We very much want the bill to get to committee because Bill C-4 does have its weaknesses. It is important that we make attempts to improve the bill at committee.

Justice Nunn pointed out in his report:

--that for youths adolescence is a time of testing limits and taking risks, of making mistakes and errors in judgment, of a lack of foresight and planning, and of feelings of invulnerability. These factors do not mean that a youth who commits a criminal offence should be excused or should not suffer consequences. Rather, they are factors to be taken into account when dealing with a youth.

I think that the spirit of these words were taken into account when it comes to one provision in Bill C-4, in that it makes certain and absolutely clear that no youth, no matter what crime they are accused of or convicted of and sentenced for will spend time in an adult institution.

Some provinces have already been following this principle but it is not universal across Canada. Sometimes it is because a province has a particular ideological approach to punishment of youth but more often it is simply because it does not have the resources or the facilities to incarcerate youth in a contained setting, especially when we consider rural areas of Canada.

The government has not done anything to assist provinces in actually meeting this goal. So it is my hope that the witnesses at committee will be able to shed a bit of light on what it is that the federal government must do to ensure that the provinces can meet this requirement.

However, there is no specific date concerning this provision. Therefore, there is nothing there to instruct us on when it is going to come into effect. Hopefully, we can fix this so that we do not have a bill that will actually not take effect.

A change to the YCJA, about which I am very concerned, is the provision to allow courts to lift the ban on any publication of the accused's name. There are good reasons why we have that publication ban. Admittedly, I think this could be a very dangerous change to the YCJA, but I am looking forward to hearing from witnesses to see what experts who study youth justice have to say about this provision and if they think this change is a wise idea.

My colleague and the NDP critic for justice, the member for Windsor—Tecumseh, has already pointed out some problem areas where it looks like the government is trying to get in stronger language for general deterrence and denunciation, which we know does not work.

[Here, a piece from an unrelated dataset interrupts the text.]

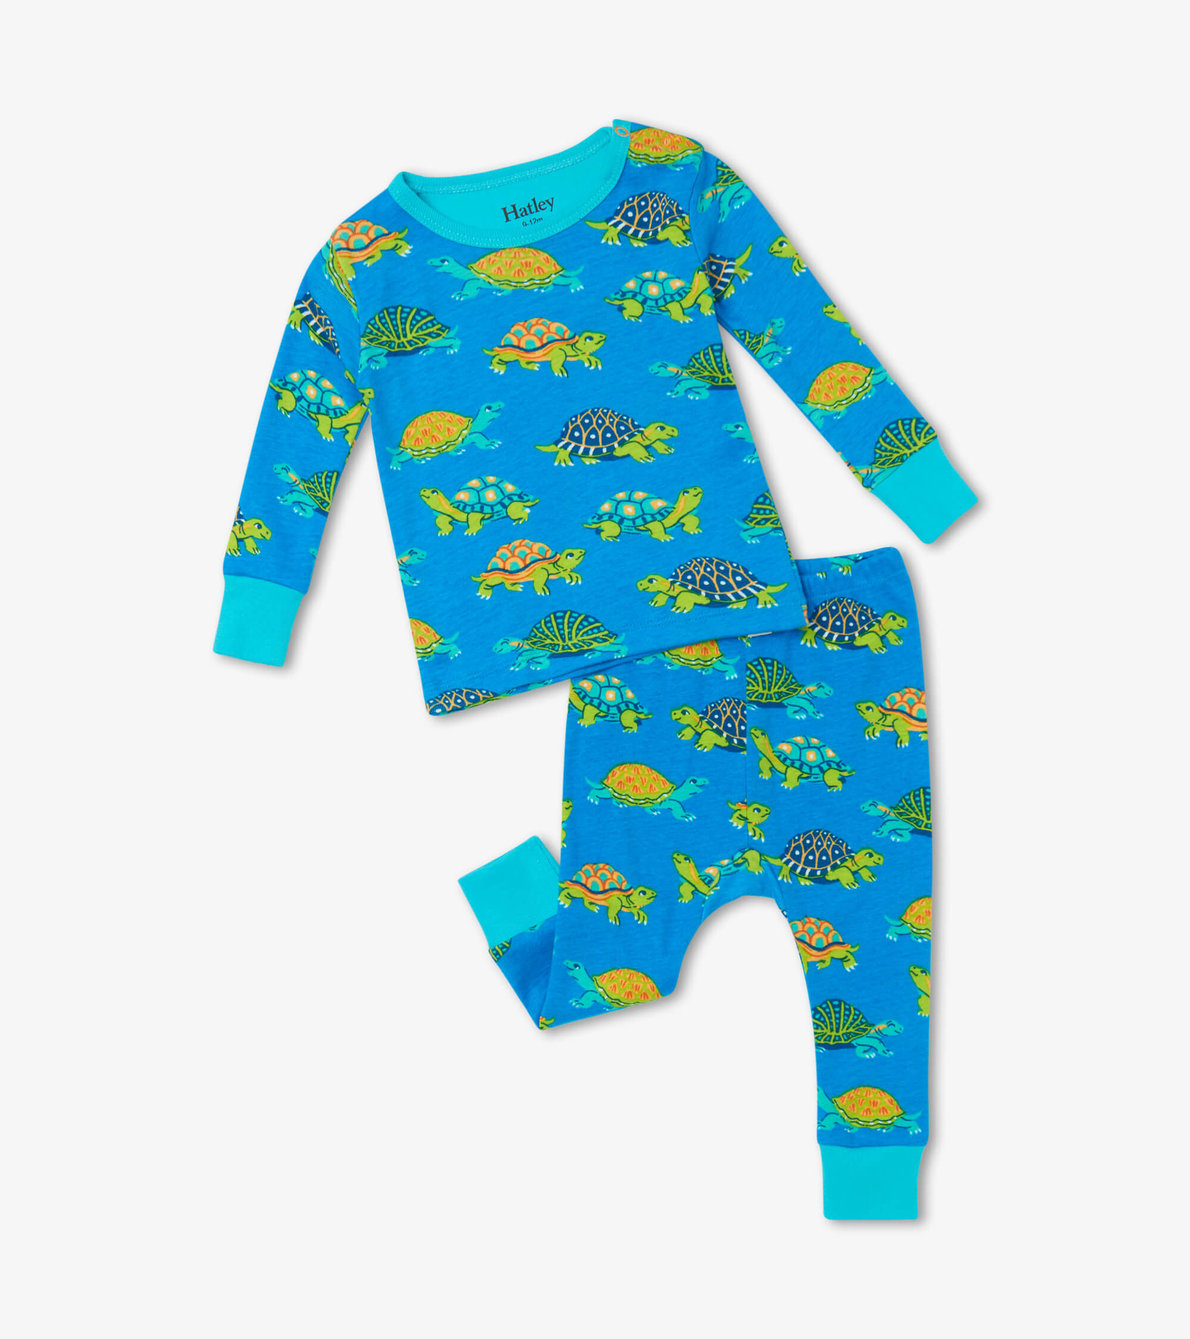 View larger image of Baby Turtles Organic Cotton Baby Pajama Set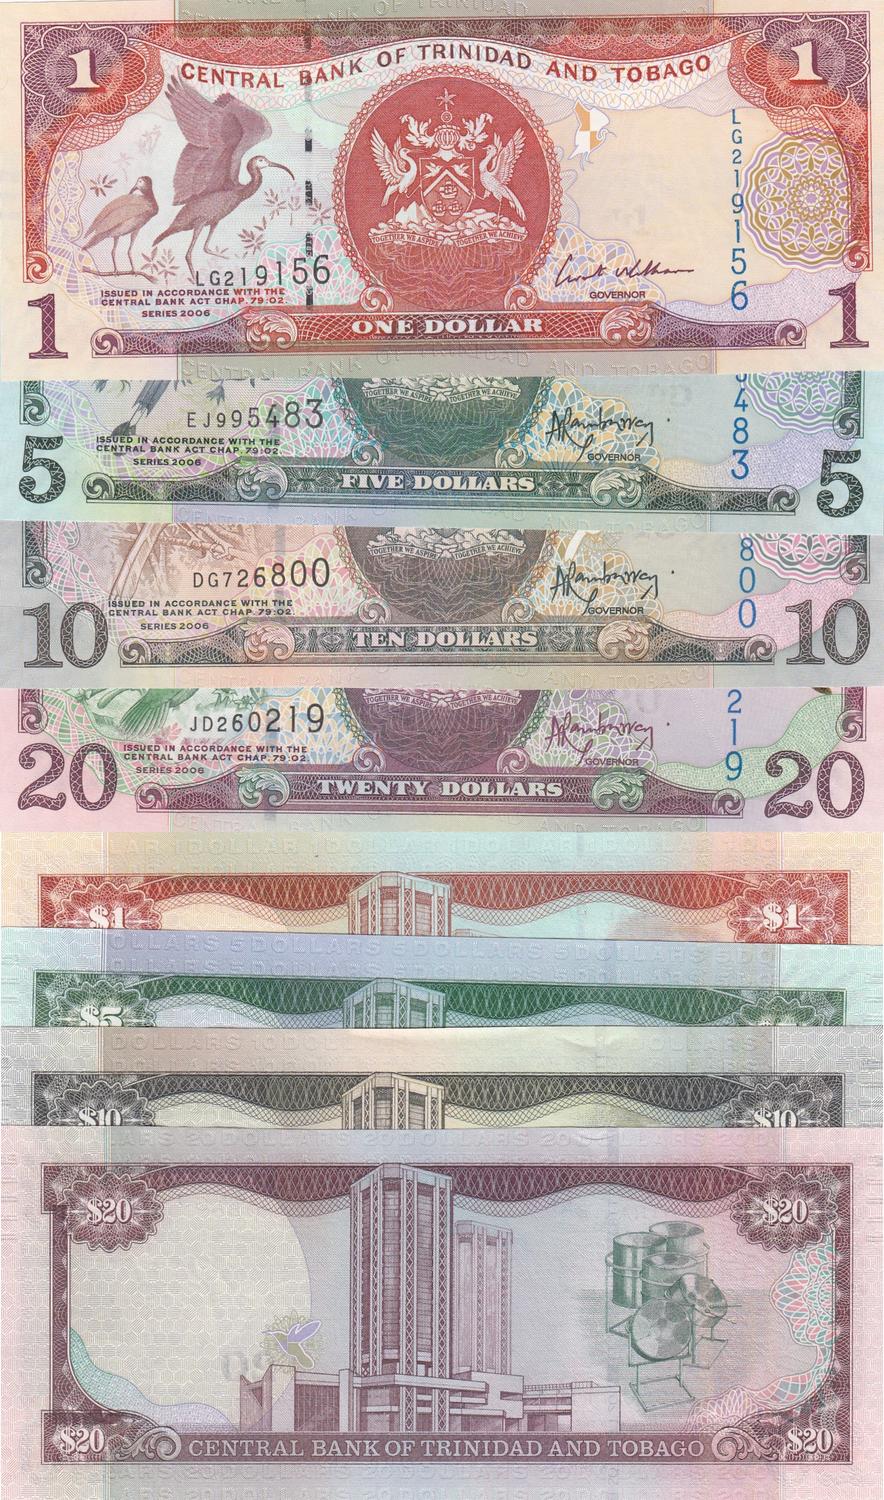 UNC 2006 Trinidad & Tobago 1 Dollar 2014 P46 banknote

However, when one looks at the amendments to the act overall, there are a few places where it seems like it is trying to get this language in through the backdoor, trying to get general deterrence in through the back door. There are six recommendations in the Nunn report that deal directly with changes to the YCJA. Deterrence and denunciation are not among them.

I am quite concerned about these sections and once again, I look forward to the bill coming to committee so we can talk to youth criminal justice experts to see if this is actually effective and perhaps flesh out exactly what the Conservatives are doing with this sort of backdoor language.

In all, we are cautiously supporting Bill C-4 at second reading, so we can get the bill to committee to hear from witnesses about these proposed changes to the YCJA and to make constructive suggestions for improvement.